Affaire UNITEC Benin/Etat du Niger:Un nouveau scandale financier de 1 800 000 000 FCFA

Publié le par GUILLAUME DELLOH

Décidément, les scandales financiers ne finissent pas au Niger. Alors que les Nigériens n’ont pas fini de digérer l’histoire rocambolesque de paiement de fausses factures de plus d’un milliard et demi de FCFA et la méticuleuse affaire de l’OPVN (Office des Produits Vivriers du Niger) où un préjudice de plus de 700 millions a été causé à l’Etat, voilà que votre journal « Le Courrier » tombe sur un autre scandale financier. Ici aussi le préjudice au trésor public nigérien s’élèverait à 1 800 000 000 FCFA.

Tout serait parti d’un contrat entre la société UNITEC Bénin représentée par son premier responsable Philips Bocco et l’Etat du Niger. L’entente porterait sur le suivi électronique par UNITEC Bénin des camions de transport de marchandises en provenance de tous les ports d’attache (Lagos, Abidjan, Bénin, Cotonou, Lomé...) ainsi que de tous les corridors, bien évidement en direction du Niger. Le Contrat d’une durée de 3 ans (2004 – 2007) a été élaboré sur les cendres de celui conclu en octobre 2002 avec le société ATB toujours dans le même cadre, c’est-à-dire le visa contrôle (pour le suivi des camions) mais qui n’avait pas donné des résultats concluants, le Niger ayant été grugé.

Dans ce premier contrat qui était parti à zéro, c’est-à-dire ATB n’ayant fait aucun investissement préalable, les pertes pour le Niger s’élève- raient à la bagatelle somme de 1 455 000 000 FCFA. Avec UNITEC Bénin, également ce serait le même refrain, un contrat à zéro, des pertes pour le Niger de l’ordre de 1 800 000 000 FCFA alors même que la société de Philipe Bocco a pris à l’Etat du Niger des avances non encore remboursées de près de 140 millions de FCFA. Pire, UNITEC Bénin a été incapable de remplir certains de ses engagements par exemple le suivi sur les sites de Lagos, Abidjan, etc. Même ses investissements dans les prévisions de l’ordre de 1 700 000 000 FCFA n’auraient guère dépassé les 600 000 000 FCFA.

Devant ces manquements graves, le Ministre de l’Economie et des Finances de l’époque, Mahamane Lamine Zeine aurait fait un préavis de résiliation du contrat avec UNITEC Bénin en date du 1er décembre 2006. Instruction aurait alors été donnée d’arrêter le dispatching (c’est-à-dire le travail). Mais UNITEC Bénin aurait fait la sourde oreille. Pour brouiller les choses, elle aurait remis des chèques en guise de reconnaissance de dettes envers l’Etat du Niger. Ces chèques étaient-ils provisionnés ? Aussi les mem- bres du comité chargé de ce dossier seront-ils soudoyés ?

Il faut retenir que le Niger n’est jamais rentré dans ses droits, et ce jusqu’au coup d’Etat du 18 février 2010. Arrive alors dans ce dossier le DIRCABA, Alhassane Alkaly Entre mars et avril 2011, le Directeur de Cabinet Adjoint (DIRCABA) du Président du Conseil Suprême pour la Restaura- tion de la Démocratie (P/CSRD) prend en main le dossier. Le comité mis en place préalablement pour gérer la même affaire sera cassé. Vers fin juillet 2010, Allassane Alkaly aurait fait le déplacement à Cotonou (au Bénin) avec d’autres personnes pour dénouer le problème, du moins c’est ce qu’on peut penser.

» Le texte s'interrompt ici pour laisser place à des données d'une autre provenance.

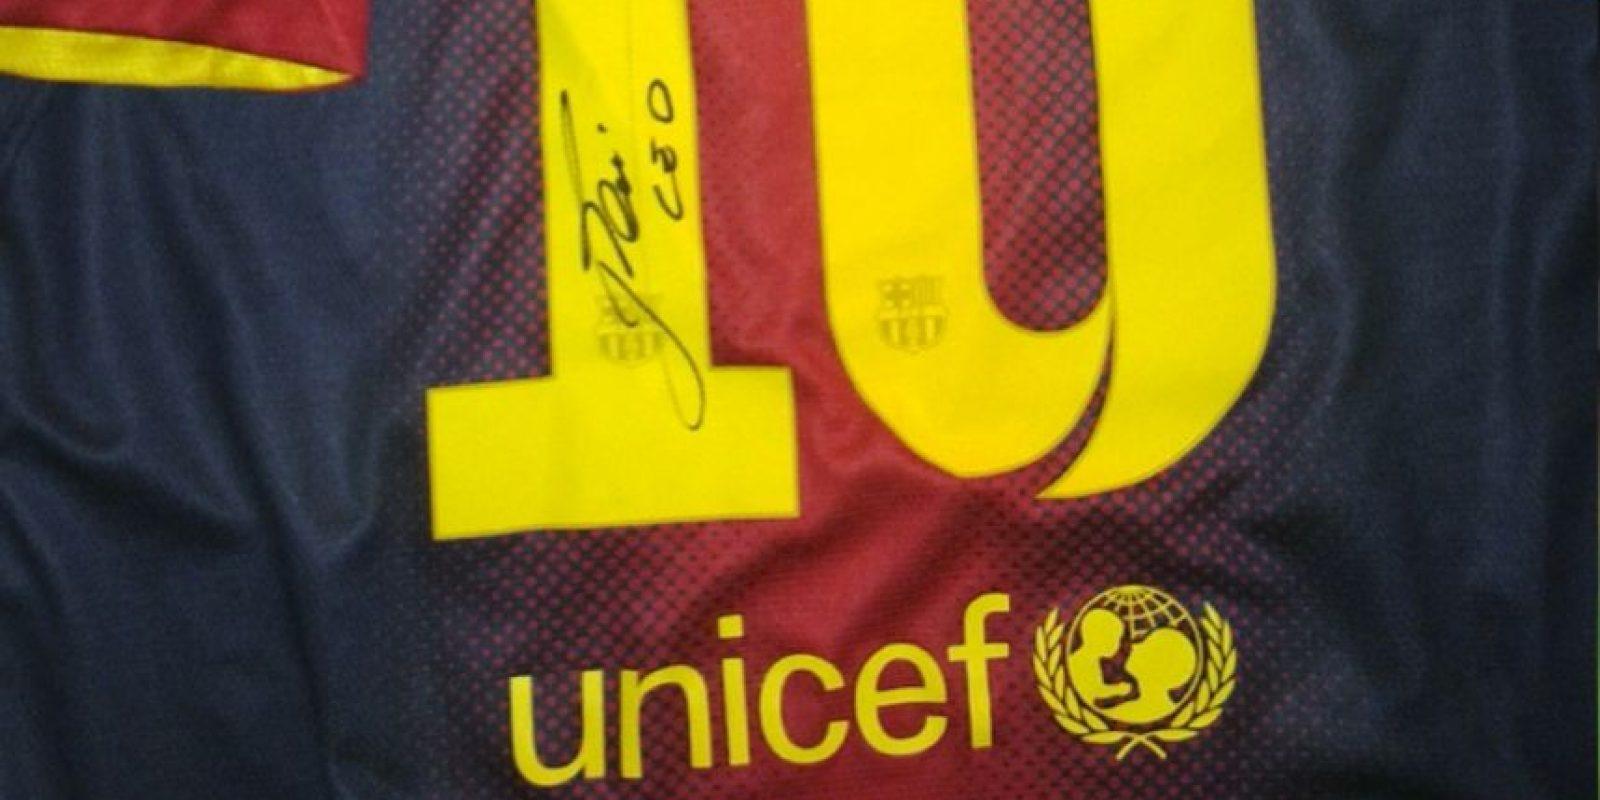 La firma de Leo está en la parte trasera de la camiseta. Foto:unitedcharity.de
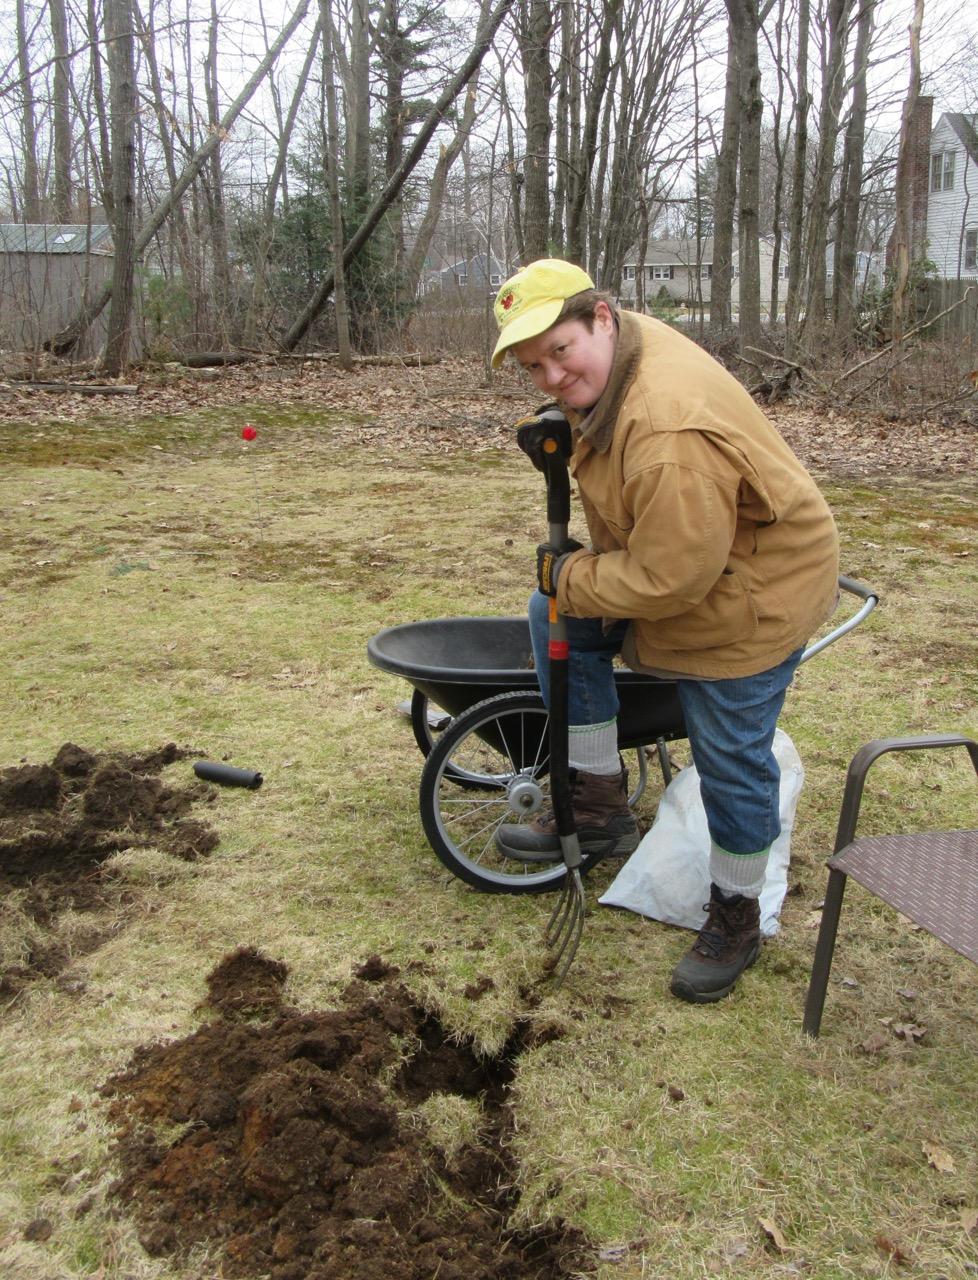 Margy digging

Curieusement, Bocco et sa société qui avaient signé des reconnais sances de dettes, au lieu de se mettre en règle, portent plainte contre l’Etat du Niger auprès de la justice béninoise alors que dans le contrat il aurait été spécifié que tout différend va se régler devant les tribunaux nigériens. Nonobstant les graves manque- ments dans l’exécution de ce contrat, la partie nigérienne ne trouve rien à dire à l’Etat du Niger que de l’amener à verser 400 000 000 FCFA à Bocco. Un haut responsable d’un service sous la responsabilité du Ministère de l’Economie et des Finances aurait été d’ailleurs contacté par son supérieur hiérarchique, le Ministre de l’Economie et des Finances de la Transition et le Directeur Général du Trésor et de la Comptabilité Publique de l’époque pour apposer sa signature. Il aurait refusé d’obtempérer.

Simple coïncidence ou suite logique de son refus, ce haut responsable se verra limogé de ses fonctions, les jours suivants. Son successeur avait t-il accepté de marcher dans la supercherie ? Vivement donc que les autorités ouvrent une enquête sur cette affaire afin de situer et châtier les responsabilités.